Job Description
SENIOR DATA SCIENTIST
* 3-MONTH CONTRACT
* HYBRID WORKING (Office in Leicester - Flexible after one month)
* £480 OUTSIDE IR35
About the role
This role focuses on marketing effectiveness and data science in the retail industry, with a strong emphasis on email campaign measurement, incremental value, and experimentation. The main responsibilities include finalising the Marketing Mix Modelling (MMM) framework, completing the A/B testing framework, and automating marketing analytics processes. The ideal candidate will have experience in causal inference, MMM, and experimentation.

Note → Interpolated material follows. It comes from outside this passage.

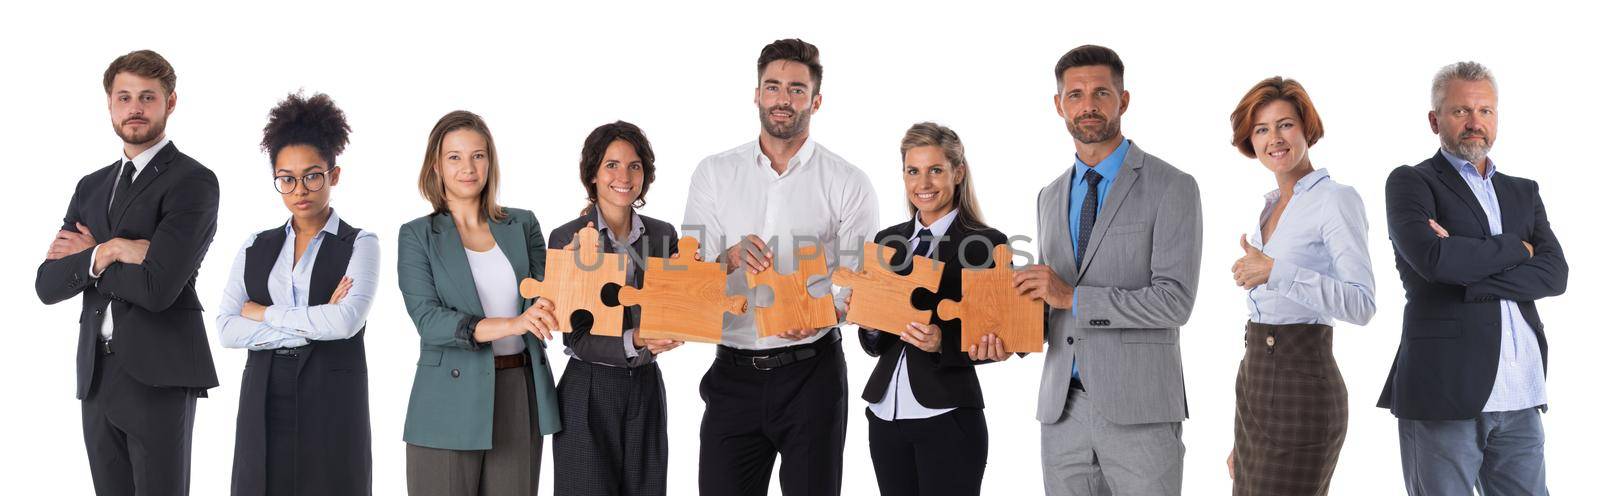 Group of business people standing together in a row holding pieces of a puzzle - isolated on white background
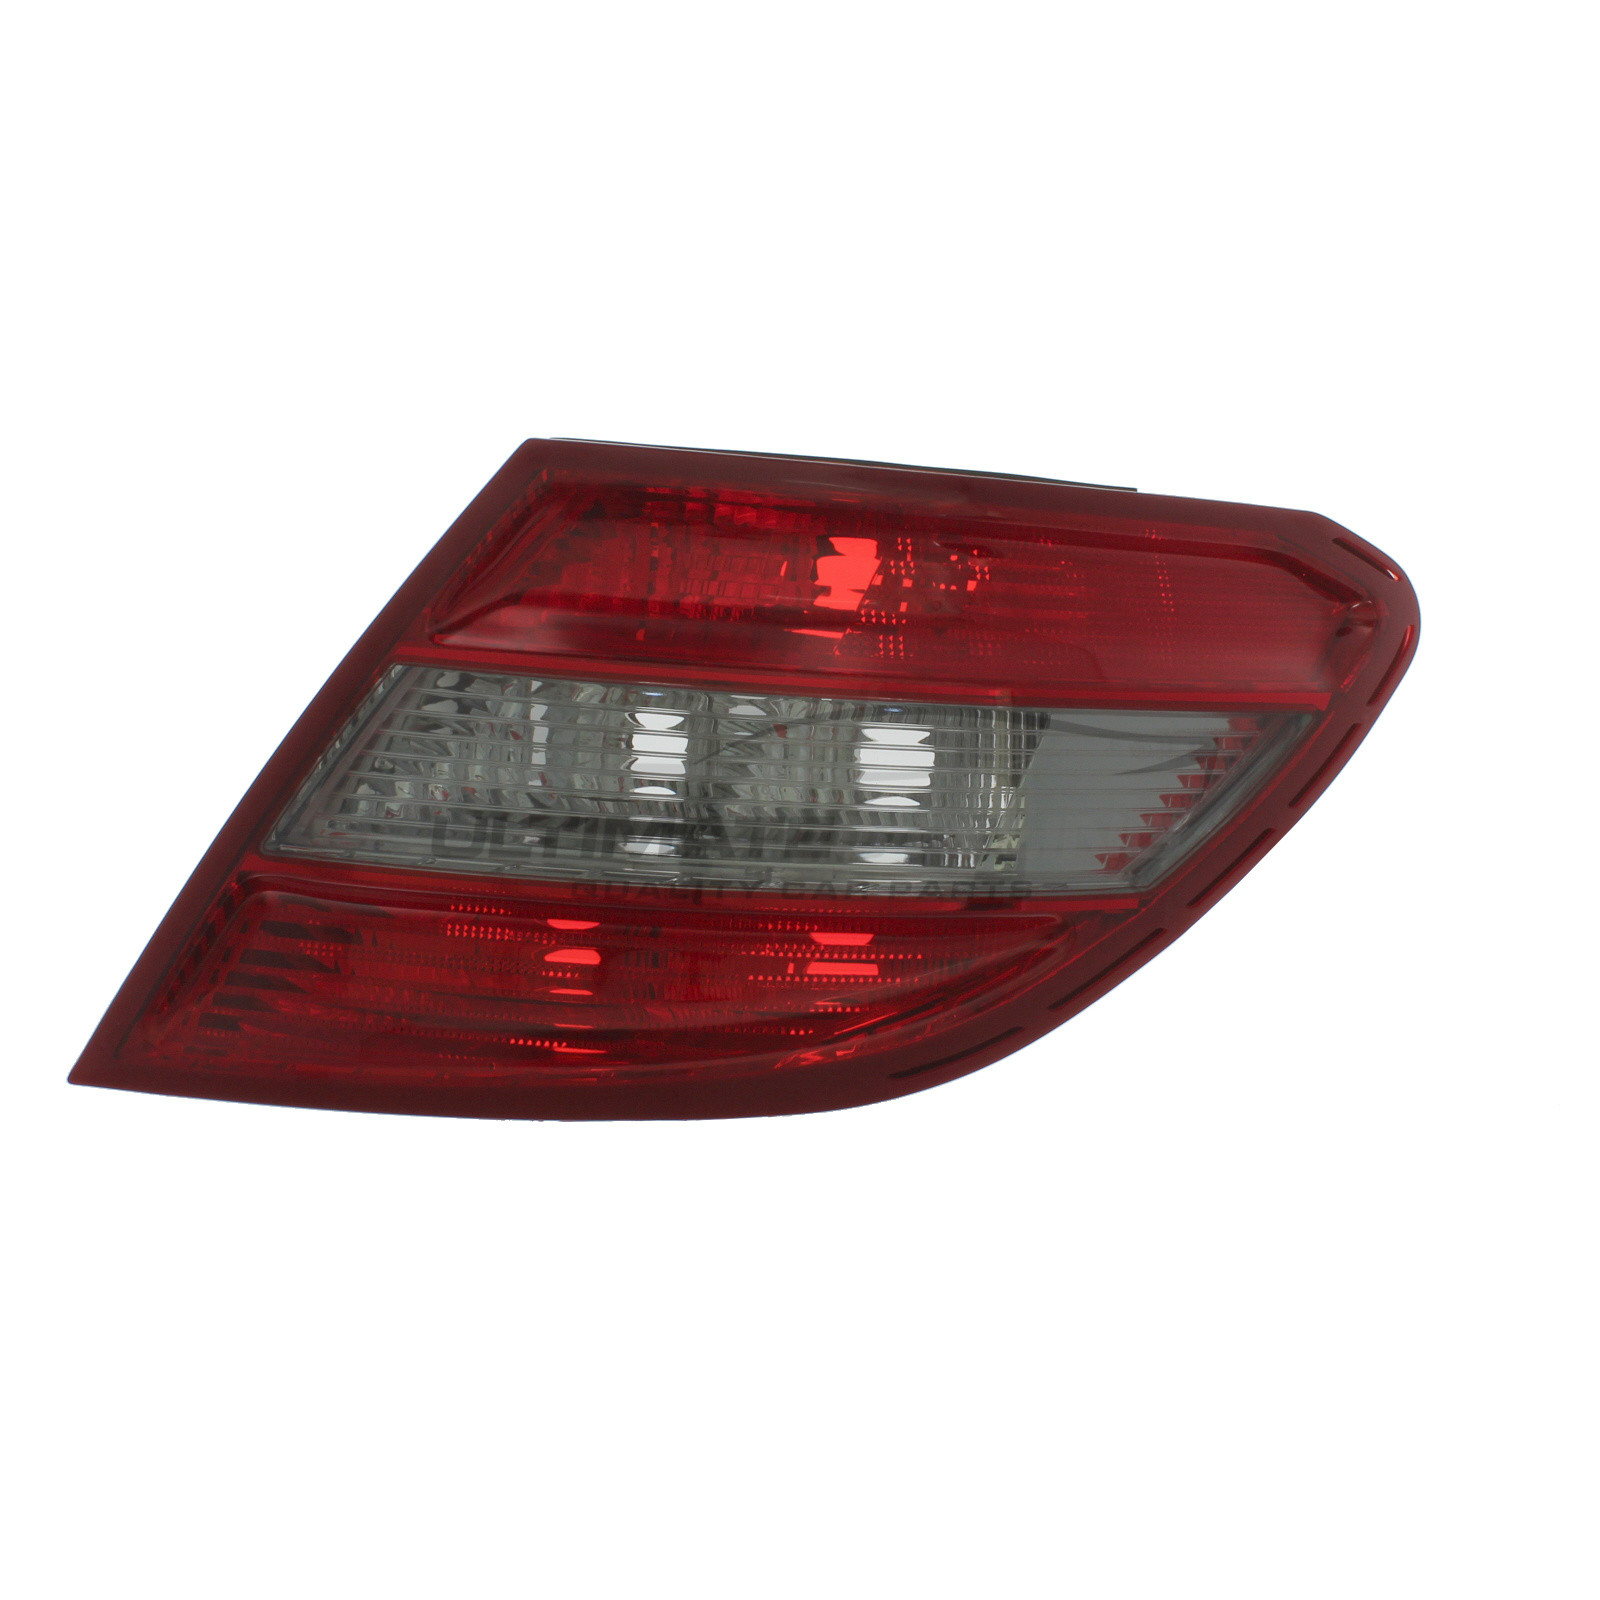 Mercedes Benz C Class 2007-2011 Non-LED with Smoked Indicator Rear Light / Tail Light Excluding Bulb Holder Drivers Side (RH)

We’re looking for a candidate with strong experience in marketing analytics to support three key initiatives:
* Marketing Mix Modelling (MMM): This is the top priority. The foundational framework is around 70% complete, and we’re now looking to finalize the modelling. Familiarity with tools like Meta’s Robyn and Google’s Meridian is highly desirable.
* A/B Testing Framework: The framework is approximately 80% built and ready to be taken into production. We need someone who can drive this across the finish line, with a focus on robust experimental design and accurate causal impact analysis.
* Automation of Analytics Pipelines: There is a clear opportunity to streamline and automate our marketing analytics workflows—particularly in the areas of experimentation and incrementality measurement.
Key Responsibilities:
* Finalising the MMM framework and modelling (70% complete)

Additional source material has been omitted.